* [Data provided]:
***

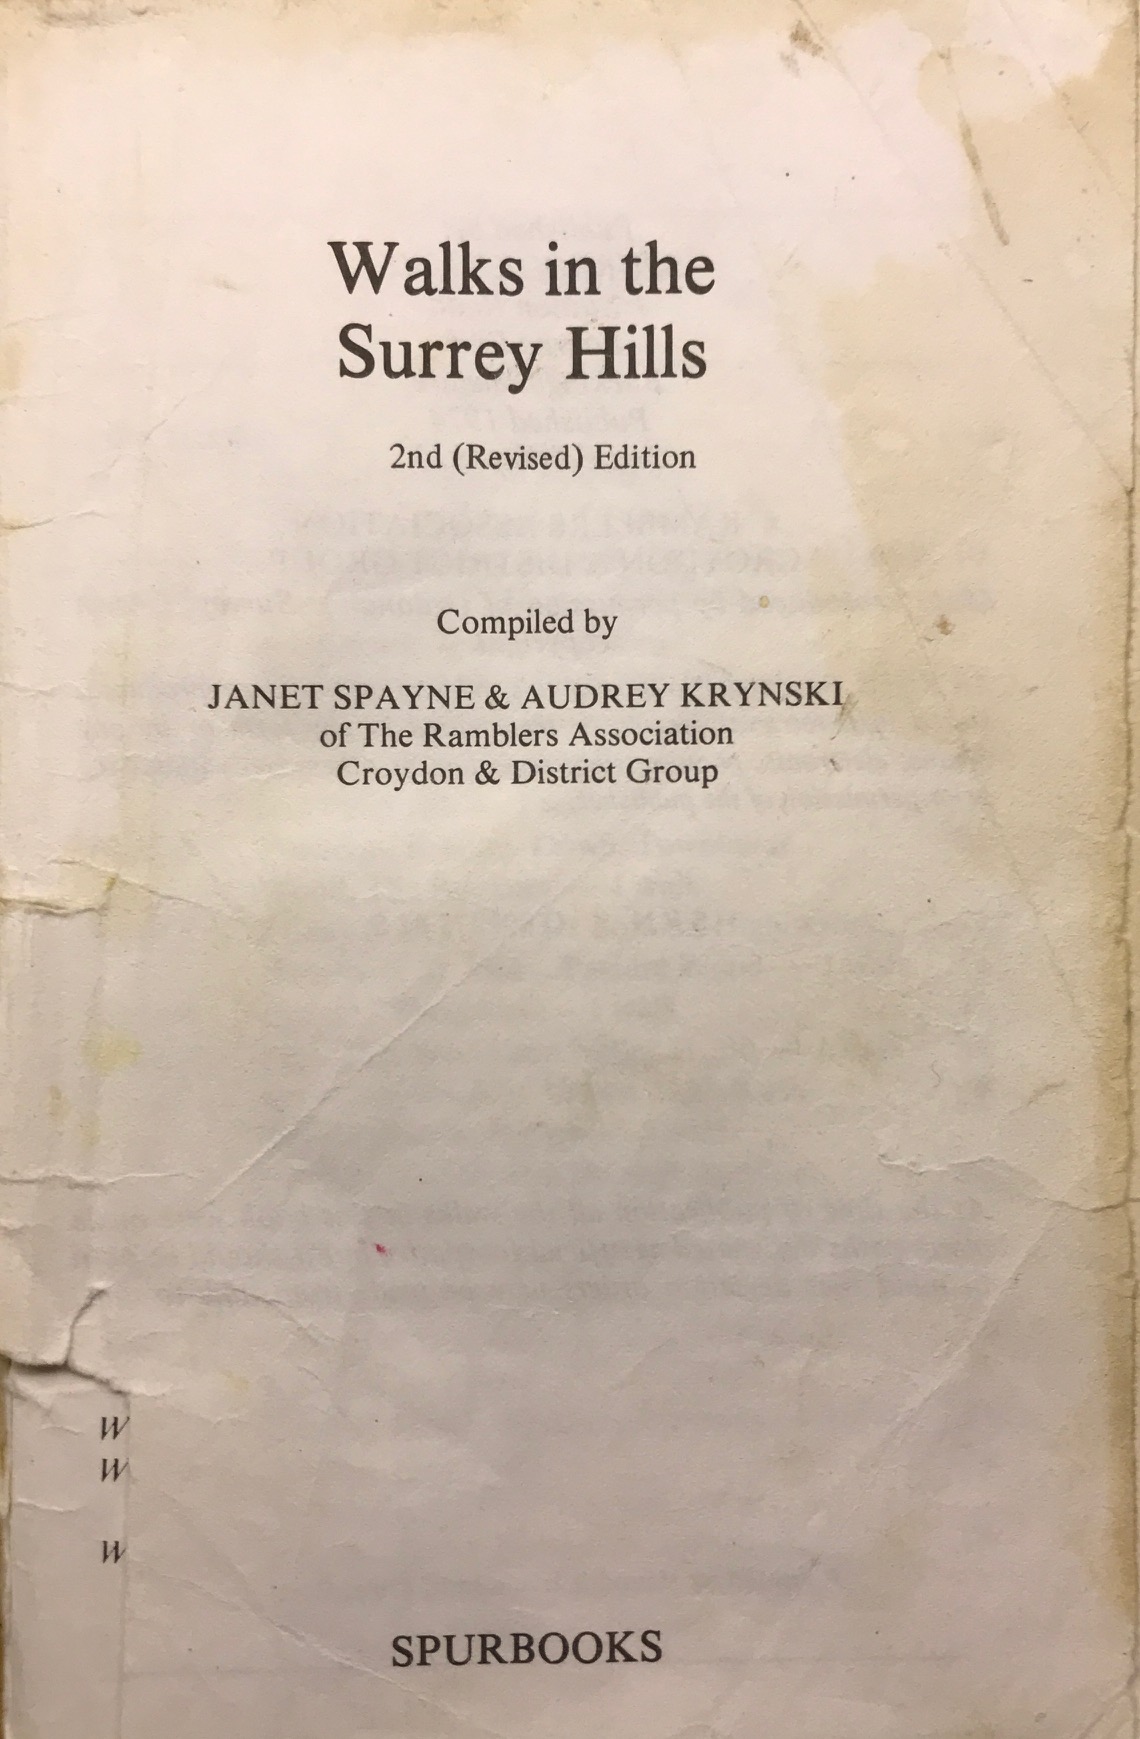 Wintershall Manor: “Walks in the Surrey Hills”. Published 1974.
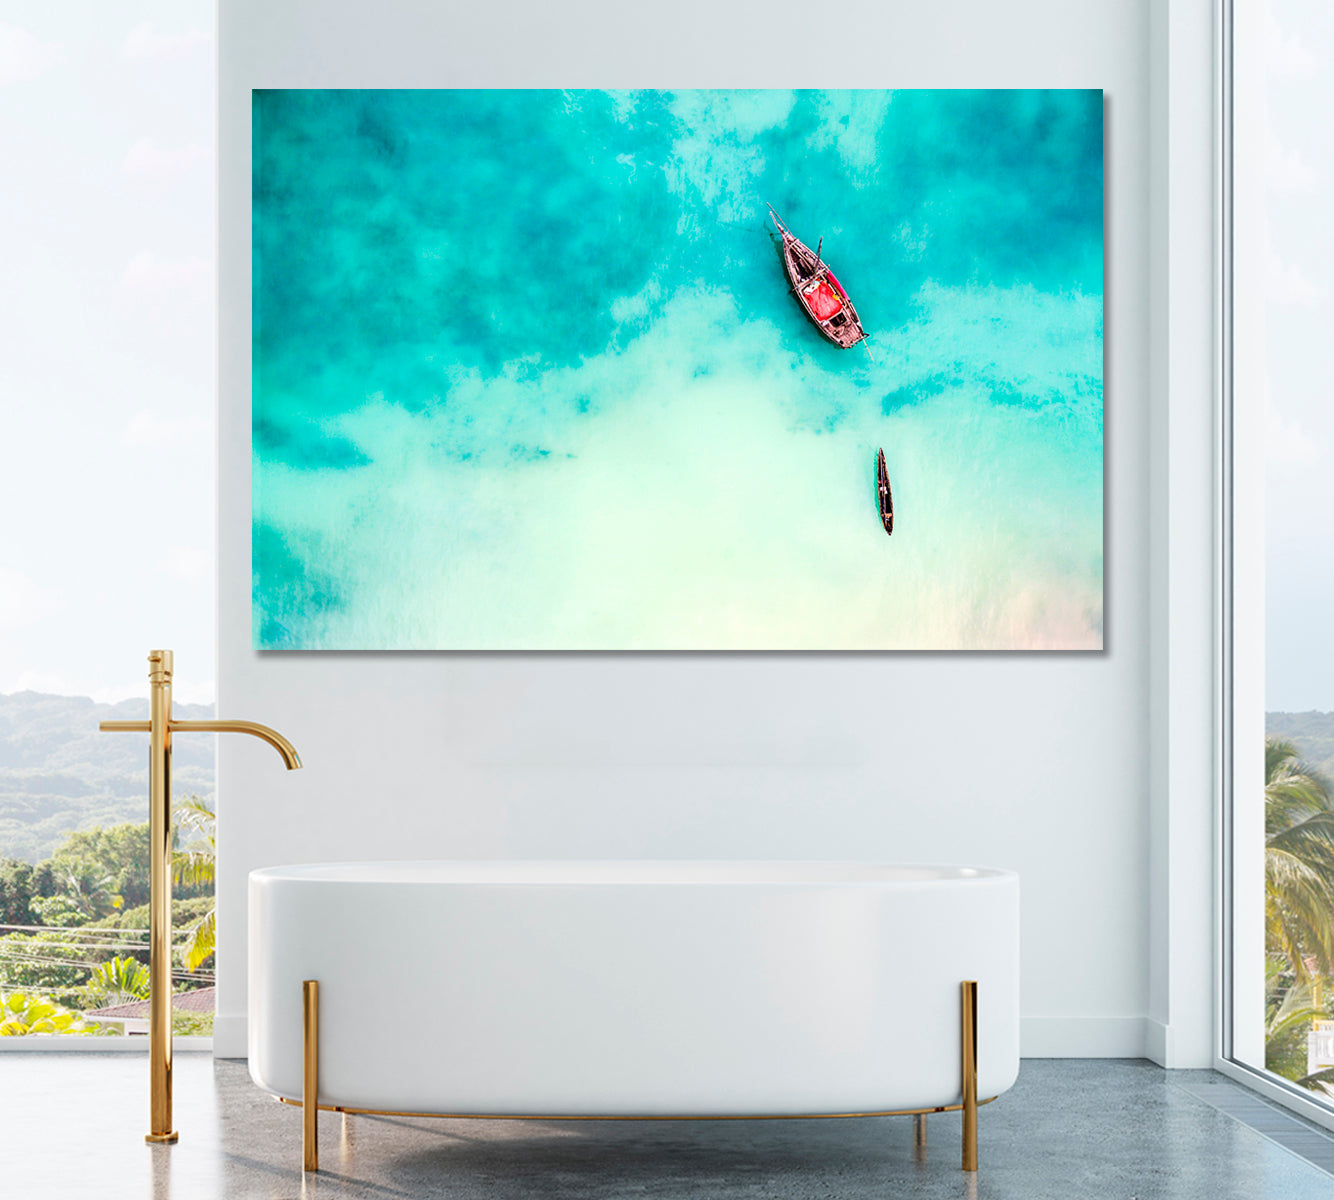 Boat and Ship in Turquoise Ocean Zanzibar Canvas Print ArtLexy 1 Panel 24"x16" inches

***

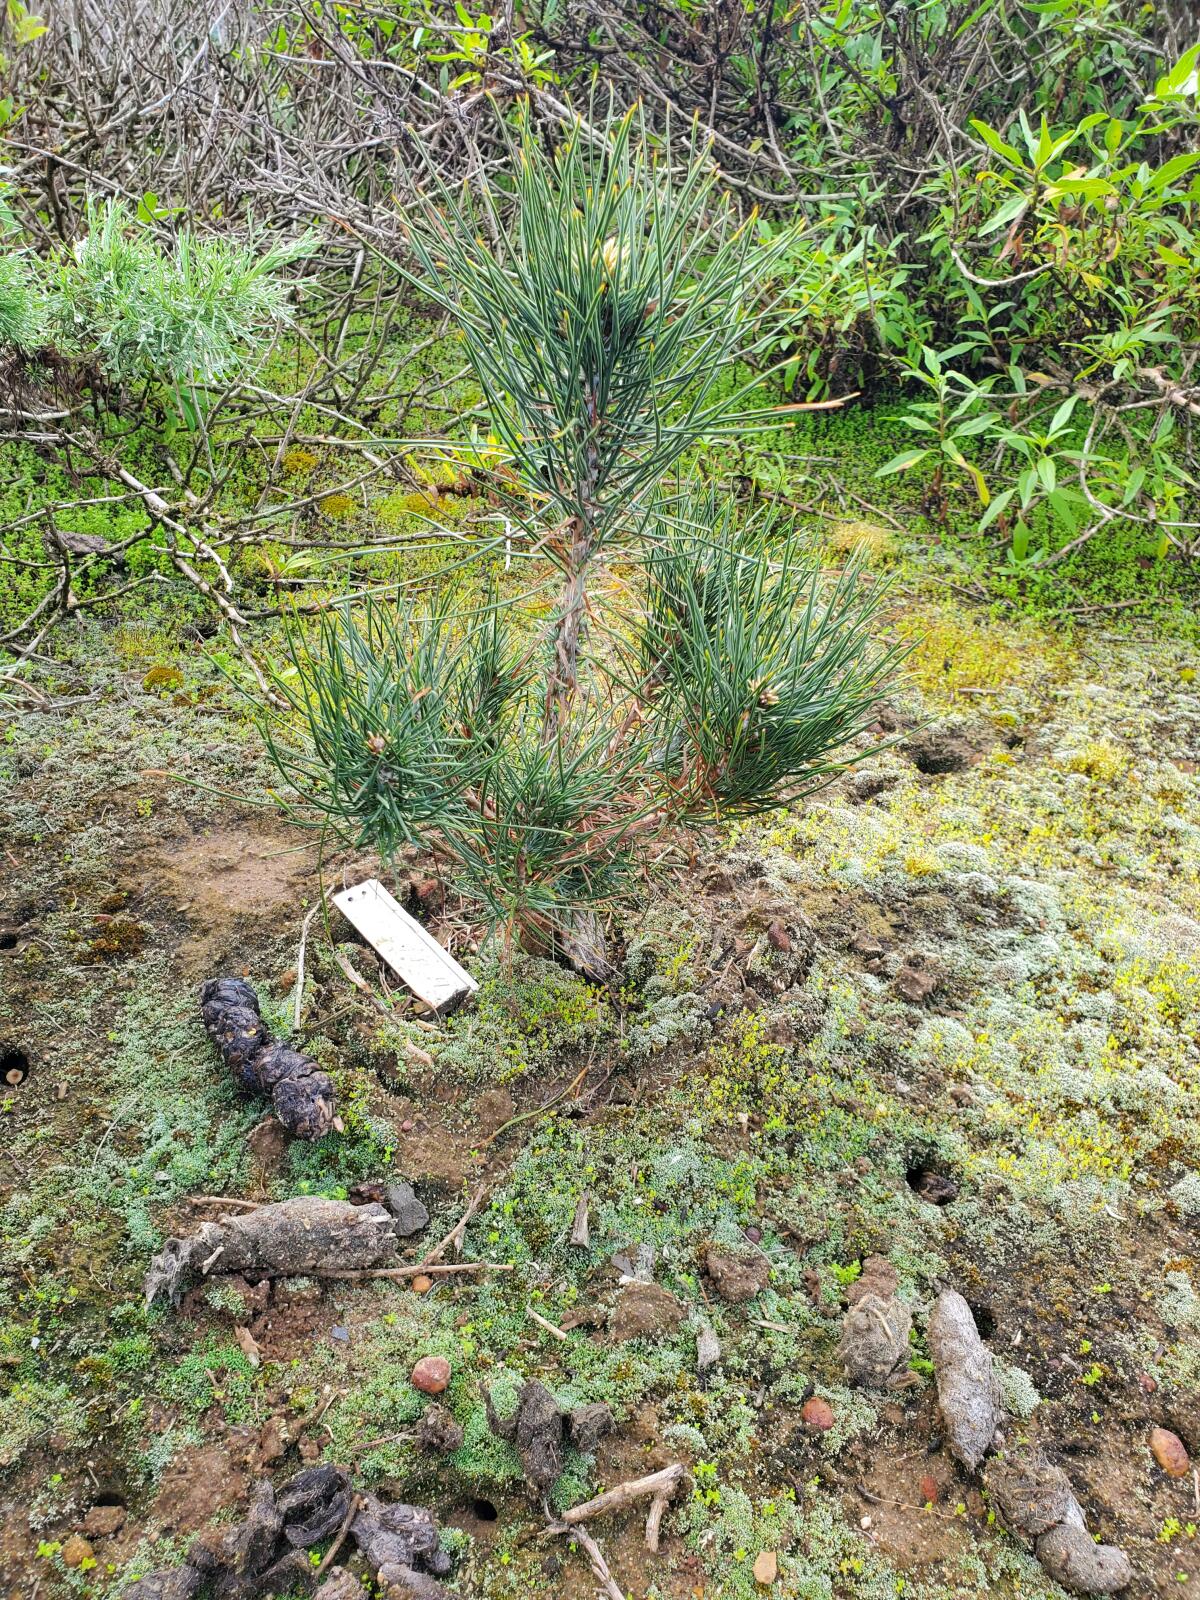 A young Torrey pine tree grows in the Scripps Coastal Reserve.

***

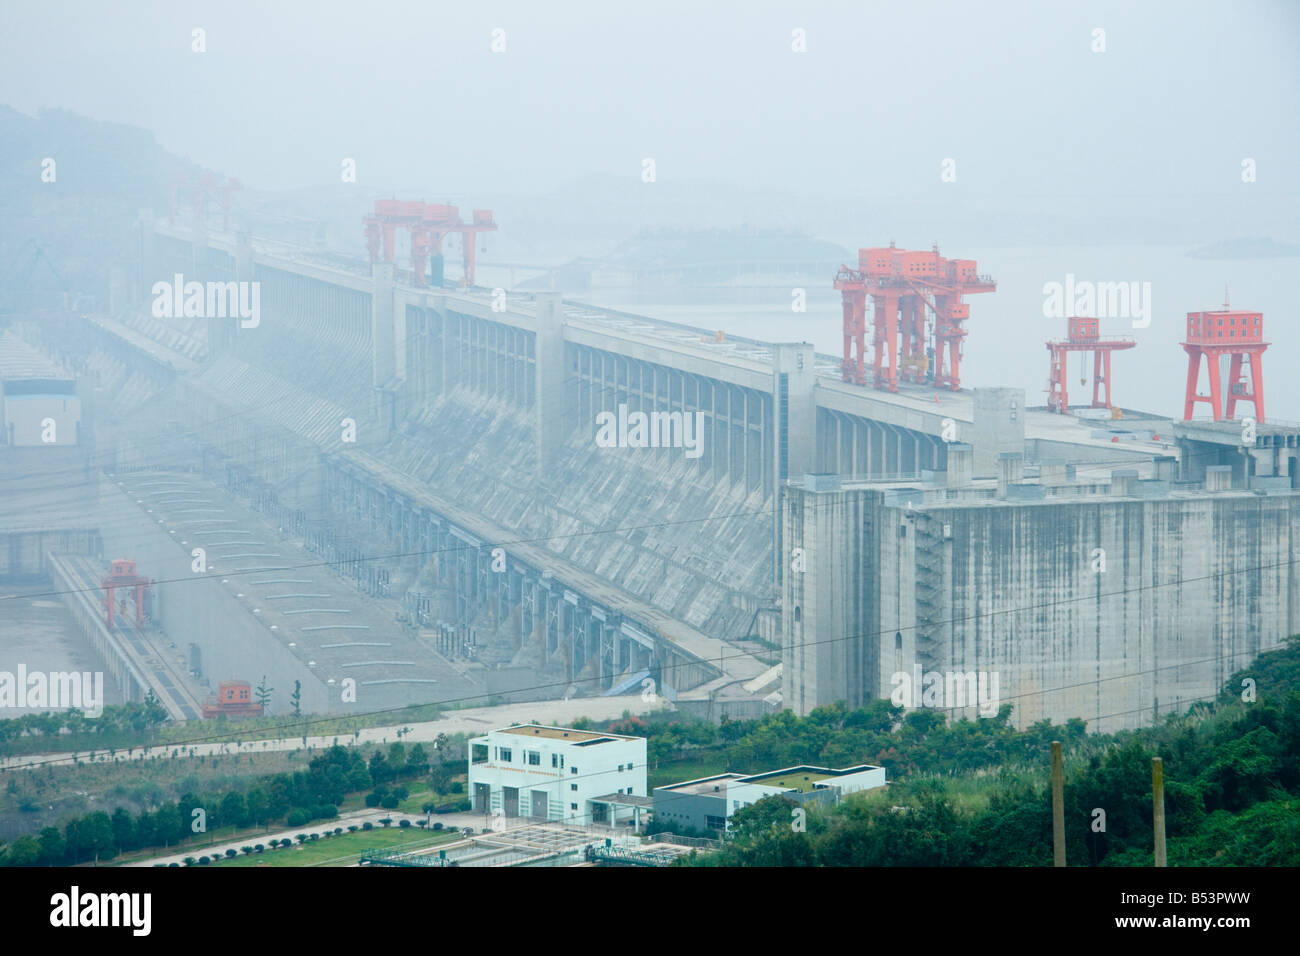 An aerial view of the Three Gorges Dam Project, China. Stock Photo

***

* [Work instruction]: All that should be printed is the run of lines above from the one with "in the Surrey" through the one with "Boat and Ship", both included, exactly as given, with pictures left out.

* [Expected output]:
 Wintershall Manor: “Walks in the Surrey Hills”. Published 1974.
 Boat and Ship in Turquoise Ocean Zanzibar Canvas Print ArtLexy 1 Panel 24"x16" inches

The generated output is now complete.